The waif glanced back at him with its huge eyes. ‘Many voices,’ he said. ‘I can hear the thoughts of a trog female, who is with child and hungry, but terrified that her father might find her …’
His ears swivelled round.
‘And here, a pair of gnokgoblin brothers. They were in service to a leaguesman … Ha!’ he cried. ‘Ruptus Pentephraxis, no less! And they have stolen from him. A sizeable amount of gold …’ He paused and shook his head. ‘But wait. One is planning on blaming it all on the other and making off with the lot…’
The ears trembled and swivelled some more.

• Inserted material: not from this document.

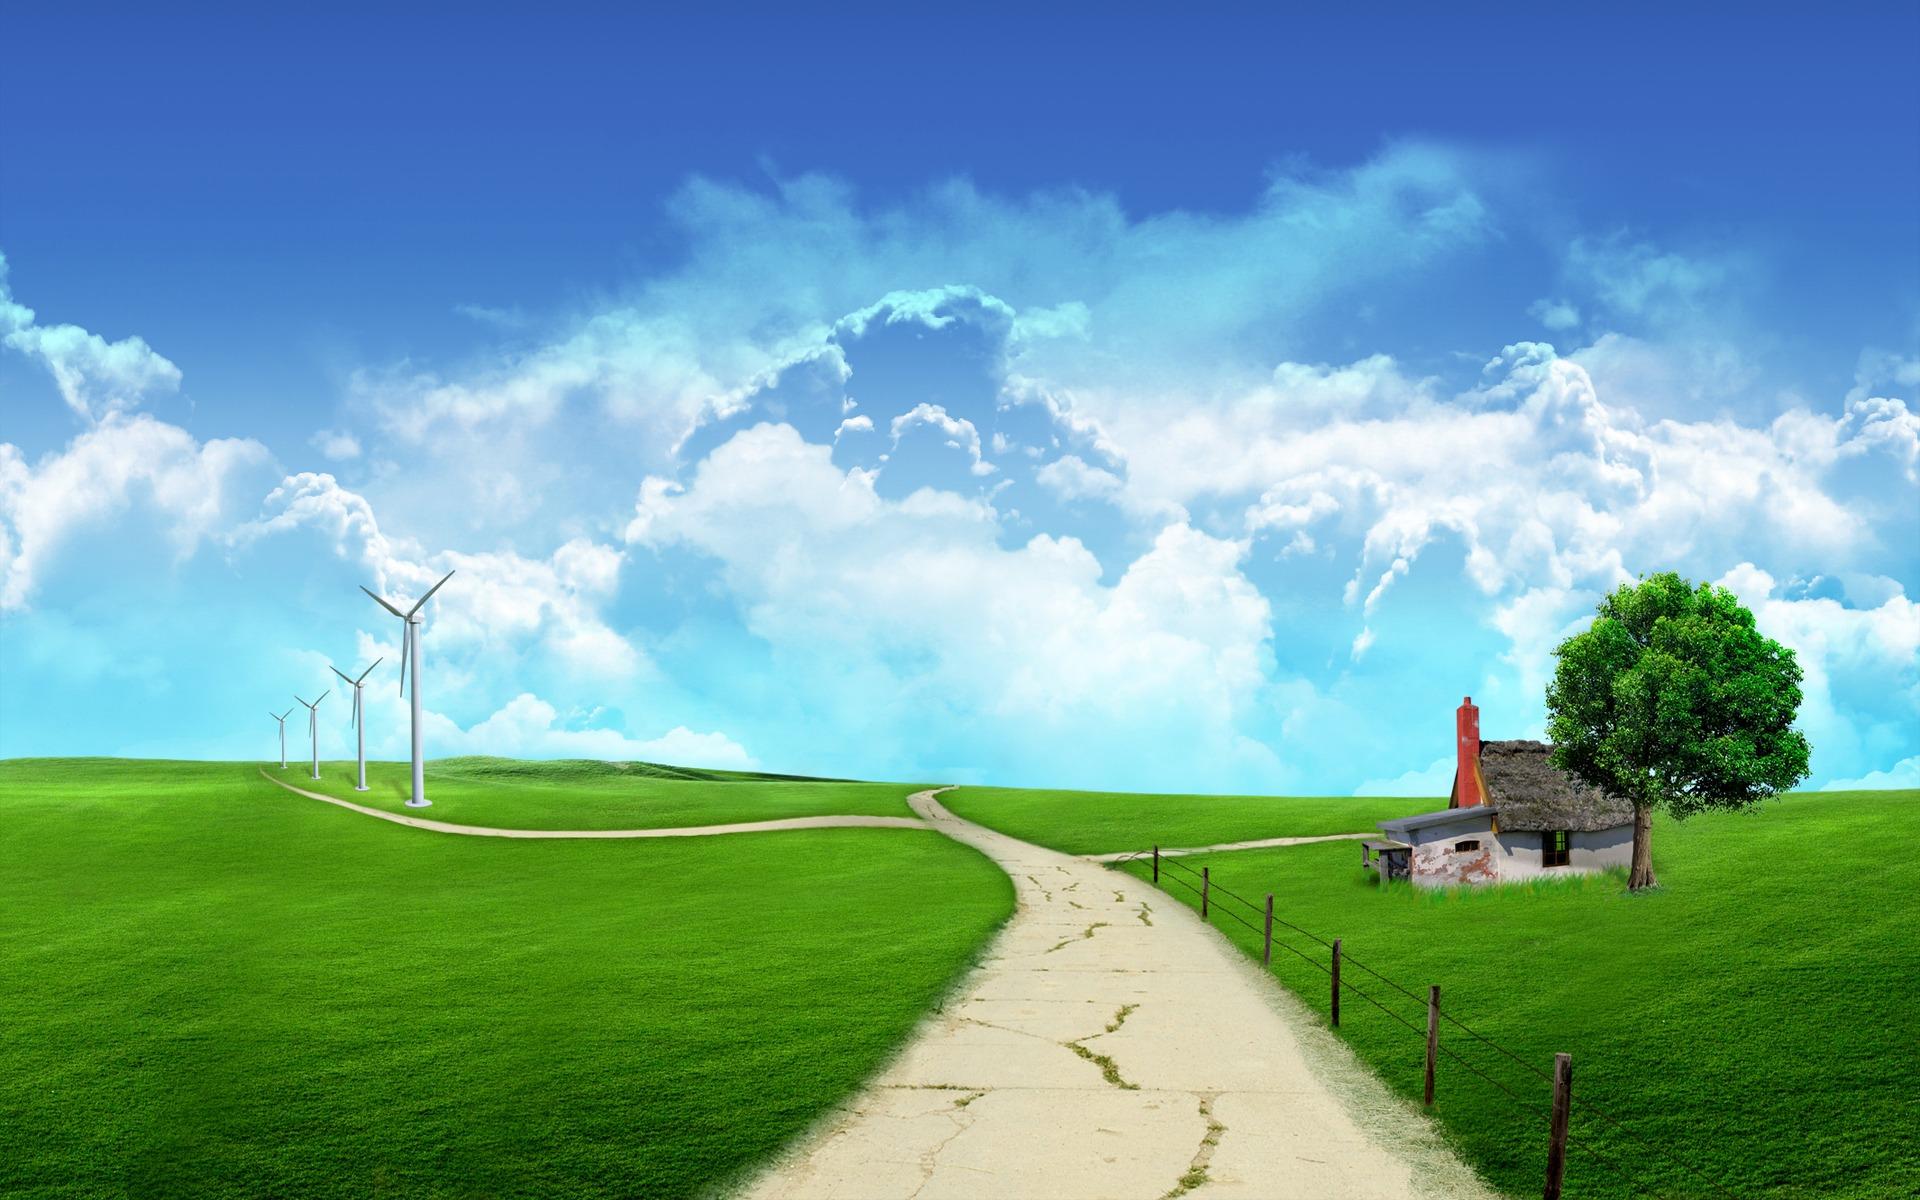 трава, дорога, дома, зеленая трава

‘Oh, and here. Up on the top floor … Sad, sad thoughts. A lugtroll, fresh to Undertown. She believed the streets were paved with gold, yet now she has to forage in the rubbish dumps just to find enough to live on …’ He paused. ‘She misses her mother, back in the Deepwoods. Her grandmother.’ He gasped. ‘Her daughter…’
‘Keep listening,’ Wind Jackal said, ‘for dark thoughts; perhaps murderous …’
The waif raised his hand, and hissed. ‘Wait, Captain,’ he whispered. His ears swivelled round, so that both of them were pointing downwards. The fluttering increased.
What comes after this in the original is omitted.